2) Scaffold the notebook

  • Use the template in
    templates/kiss_notebook_template.py
    .
  • Keep sections small; each section should have:
    • a markdown heading,
    • 1–3 code cells max.

3) Implement data access robustly

  • Establish
    PROJECT_ROOT
    and
    DATA_DIR
    .
  • Validate file existence before reading.
  • Prefer DuckDB for heavy joins/aggregations; keep pandas for presentation.

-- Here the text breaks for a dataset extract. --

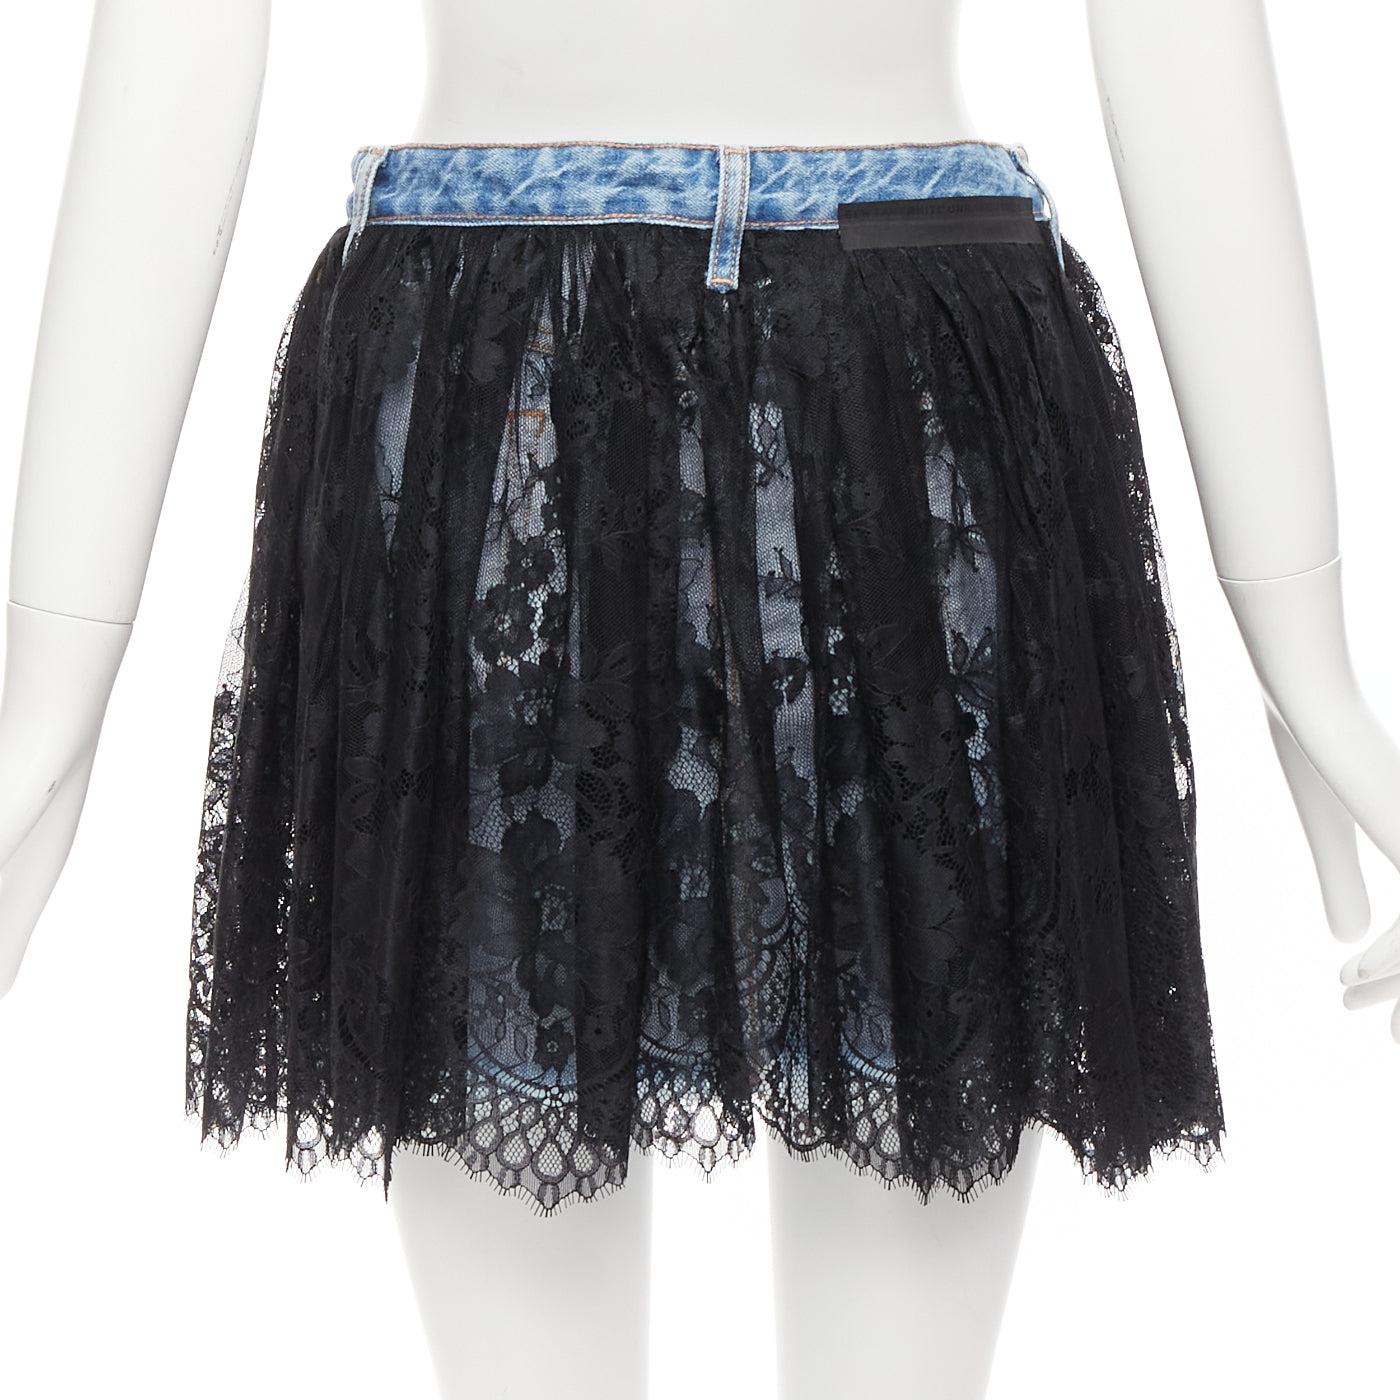 UNRAVEL PROJECT black floral lace ruffle blue denim inside out skirt 25
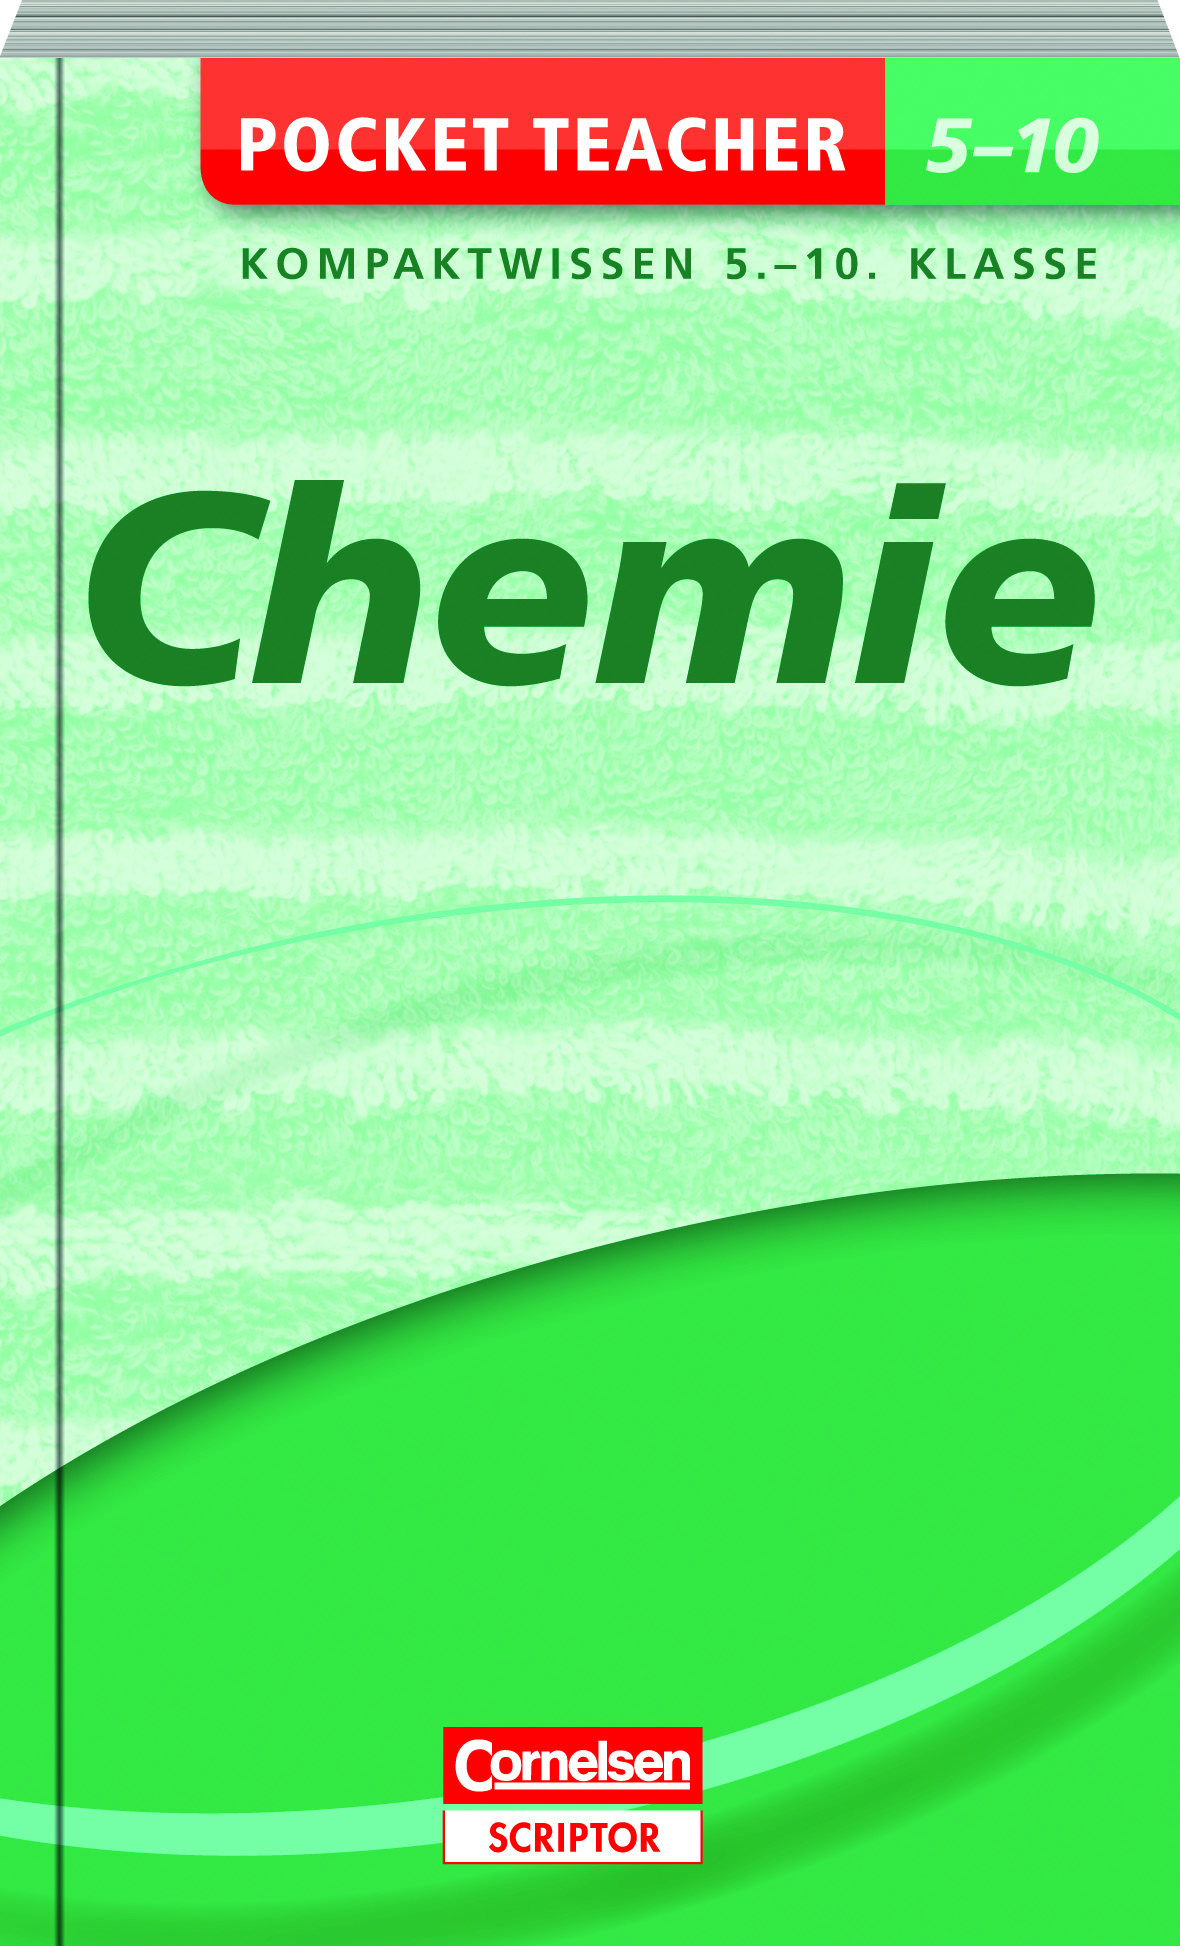 Pocket Teacher Chemie 5.-10. Klasse

4) Create high-quality plots

  • Use the plot style helper (see
    docs/plot_style.md
    ).
  • No chart junk; tight margins; consistent typography.

5) Validation gate (mandatory)

  • Restart kernel → run all cells.
  • If you have CLI access, also run
    scripts/execute_notebook.py
    for a clean execution.
  • Check outputs:
    • row counts, null rates, unique keys, value ranges,
    • plot renders and labels,
    • any randomness is seeded.

6) Report completion only after passing the gate

When reporting back, include:

  • how you ran the notebook (restart+run-all, scripts),
  • where data paths point,
  • what key outputs/figures were produced,
  • any caveats (e.g., external files required).